DESCRIPTION OF THE INVENTION

[0161] Aspects and embodiments of the present invention will now be discussed with reference to the accompanying figures. Further aspects and embodiments will be apparent to those skilled in the art. All documents mentioned in this text are incorporated herein by reference.

[0162] FIG. 1 shows an expanded bed chromatography apparatus 1 according to the present invention. The apparatus comprises an elongate tube 4 defining an operating volume 8. One end of the tube 4 (i.e. the top end) is sealed with a cap 2 having an exit port 3. The other end of the tube 4 is sealed by a base 5 which has a process fluid inlet which includes an inlet conduit 12 (see FIG. 2). The base 5 is made from a transparent material. The apparatus is supported on wheeled support legs e.g. 6a, 6b. The tube 4 has a central elongate axis 7. The tube 4 has an inner diameter of about 100 mm.

[0163] In use, the operating volume 8 is filled with a bed of adsorbent media particles in an expanded (fluidised) state which include the stationary phase. The process fluid (also known as the mobile phase) containing the target components enters the apparatus 1 through a process fluid inlet comprising an inlet aperture 11, an inlet conduit 12 and a plurality of outlet apertures 10a, 10b, 10c (see FIG. 2 and FIG. 3) and flows up the tube 4 towards the cap 2 and out of the exit port 3. Target components are adsorbed onto the adsorbent media and subsequently eluted from it. Alternatively, impurities are adsorbed on the particulate media and the target solution passes through the expanded bed for collection.

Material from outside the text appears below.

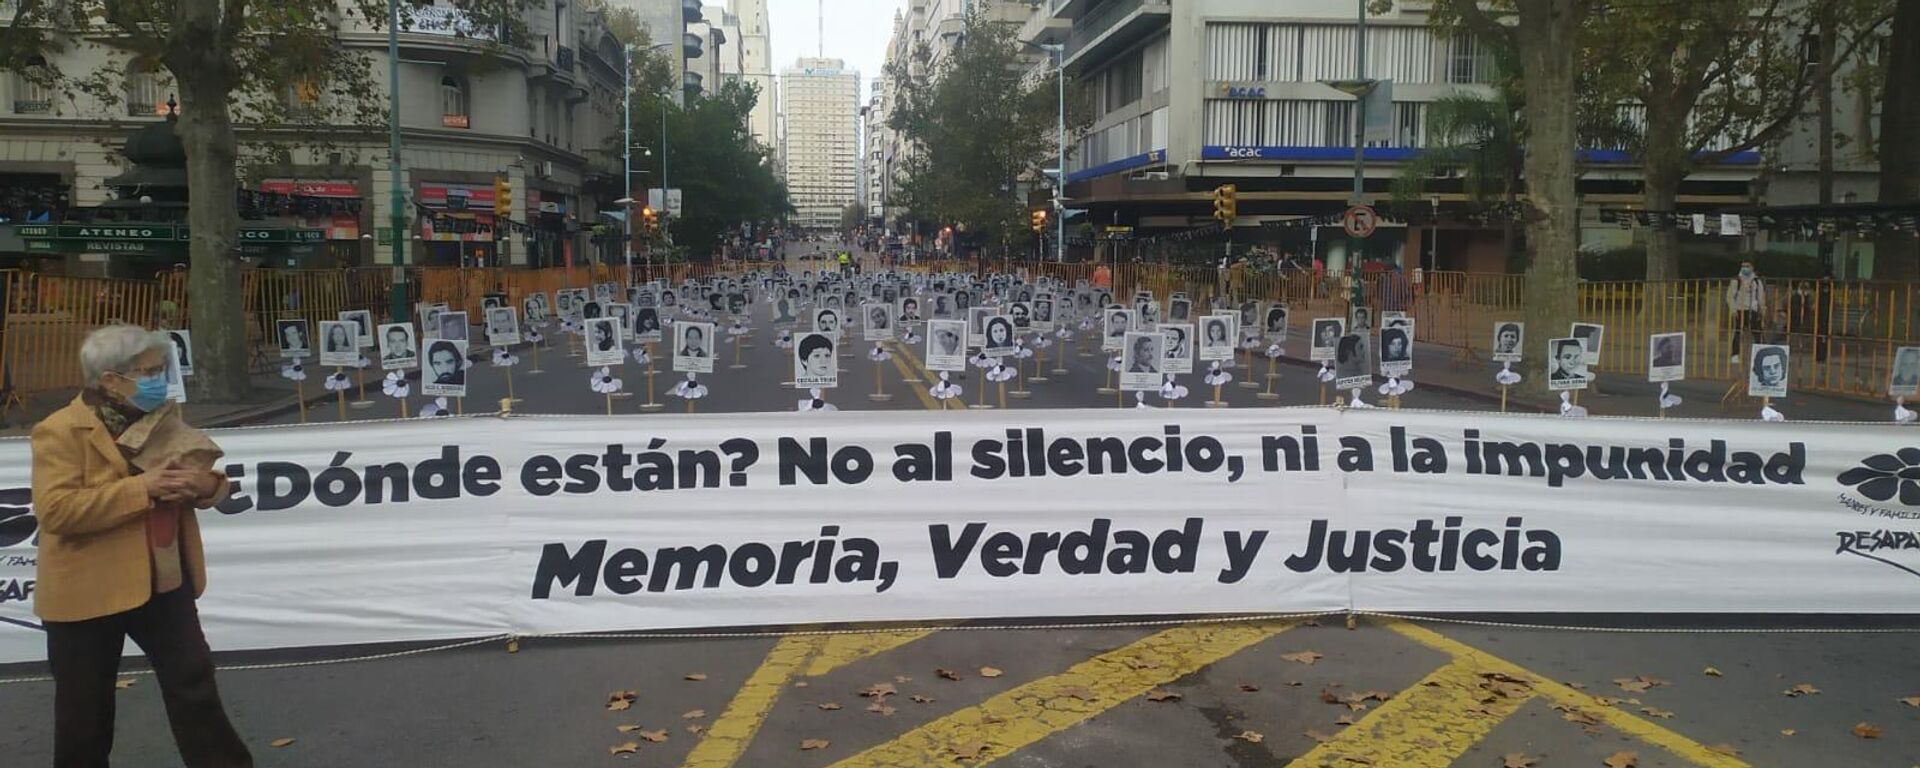 Marcha de silencio en conmemoración de las víctimas de la ditadura en Uruguay - Sputnik Mundo, 1920, 22.10.2021
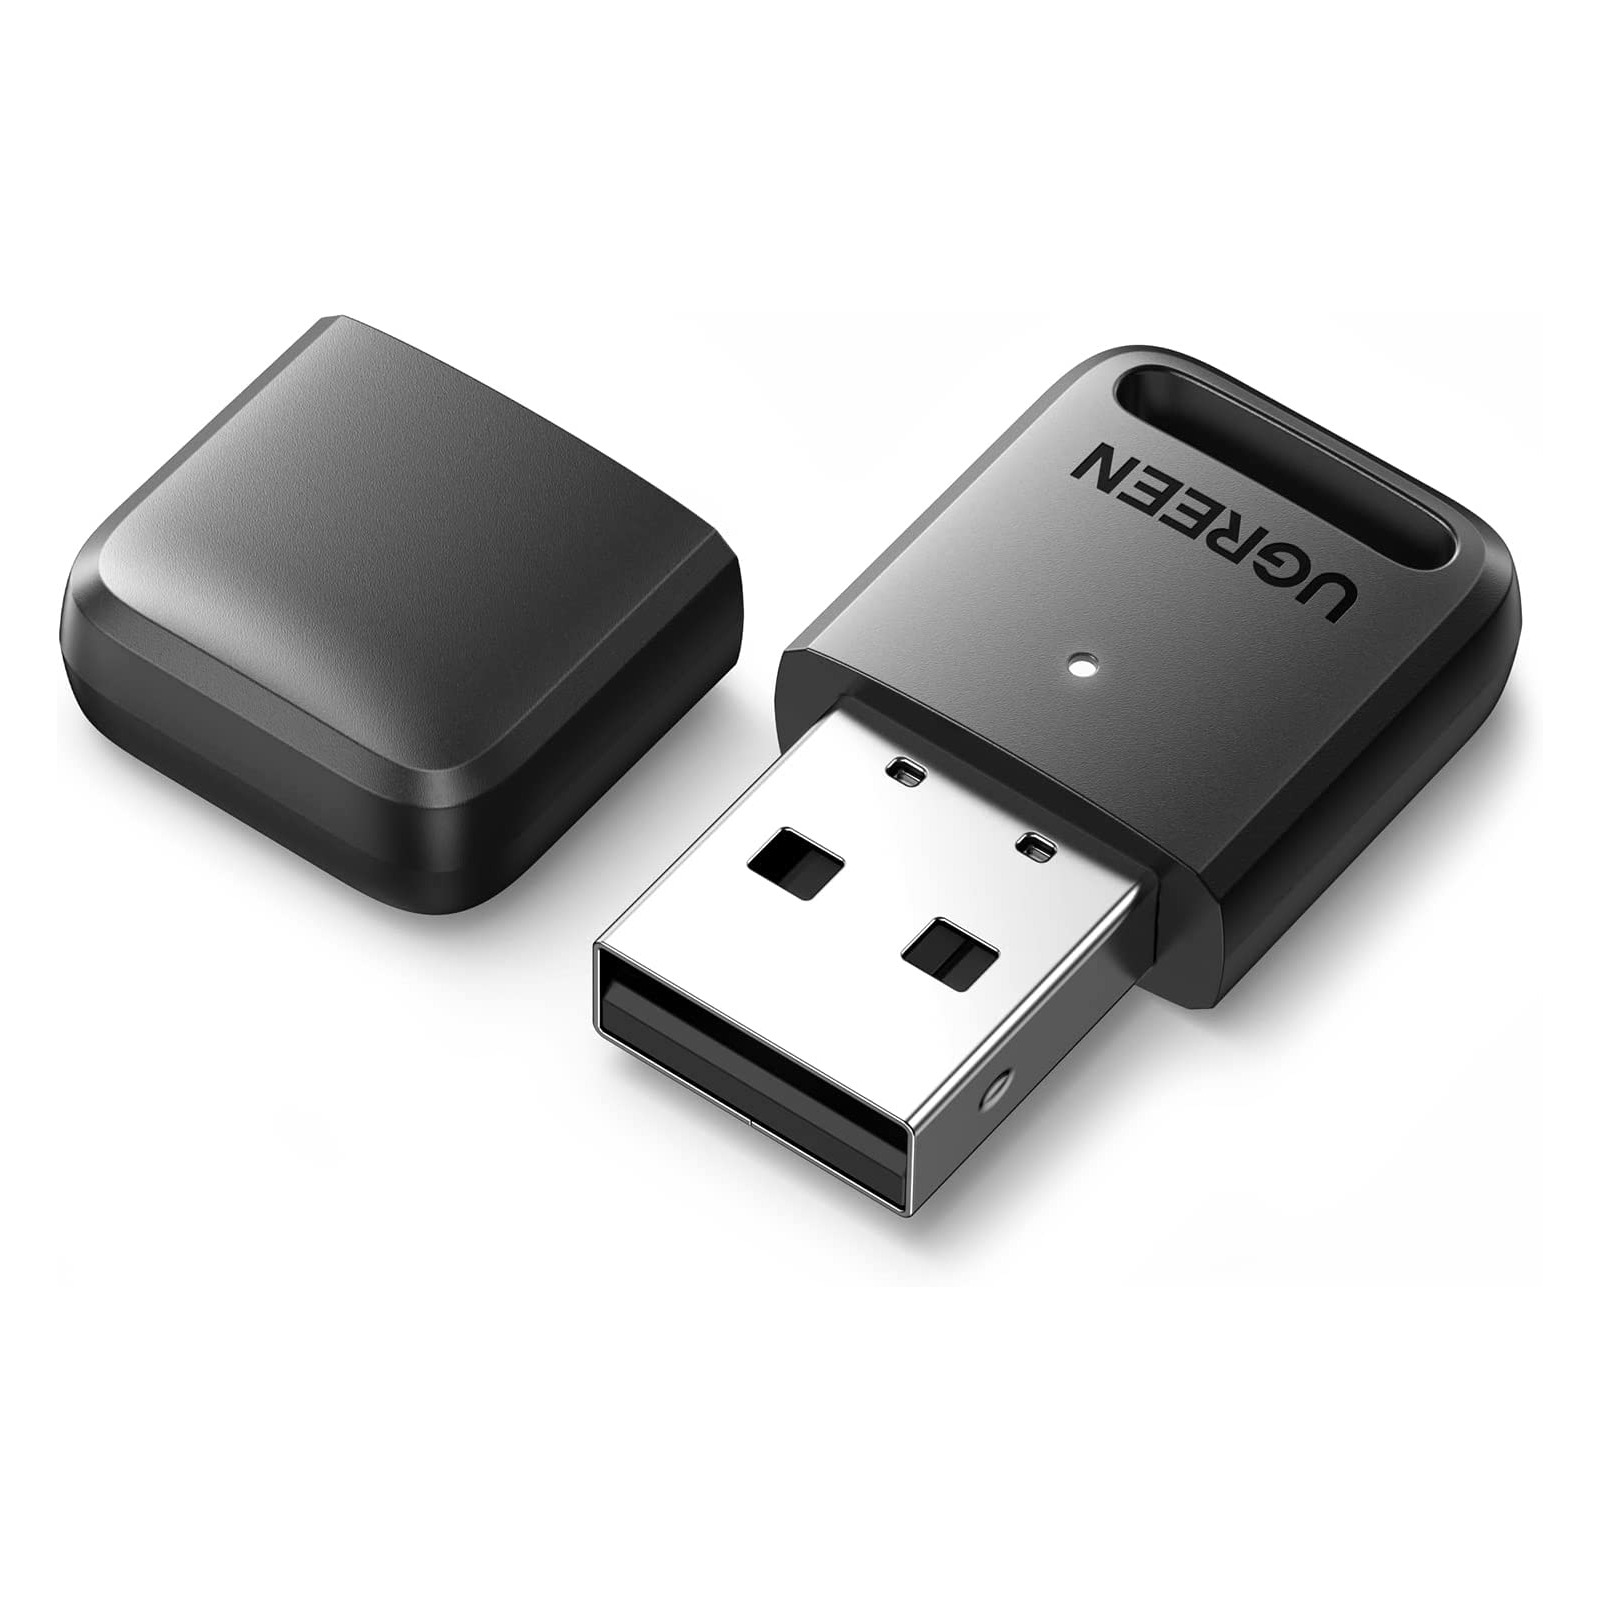 USB nhận Bluetooth 5.0 cho PC hổ trợ kết nối 5 thiết bị Bluetooth cùng lúc (CM390) Ugreen 80890

[0164] FIG. 2 shows an enlarged view of the bottom of the apparatus 1 shown in FIG. 1. The base 5 comprises a plurality of outlet apertures 10a, 10b, 10c in a top surface 30 (i.e. inner surface) which faces the operating volume 8 of the tube 4 such that the plurality of outlet apertures 10a, 10b, 10c are in fluid communication with the operating volume 8 of the tube 4. The plurality of outlet apertures 10a, 10b, 10c in the base 5 can be best seen in FIG. 3. In this embodiment, there are three outlet apertures. The three outlet apertures 10a, 10b, 10c are spaced circumferentially about the central axis 7 of the tube 4. As seen in FIG. 3, the three outlet apertures 10a, 10b, 10c are located on (i.e. circumscribe) a circle centred about the central axis 7 of the tube 4. The three outlet apertures 10a, 10b, 10c are evenly spaced around the central axis 7 of the tube 4. As seen in FIG. 3, each of the three outlet apertures 10a, 10b, 10c are respectively located on a radius of the tube 4 and each of the three radii are circumferentially spaced by about 120 degrees.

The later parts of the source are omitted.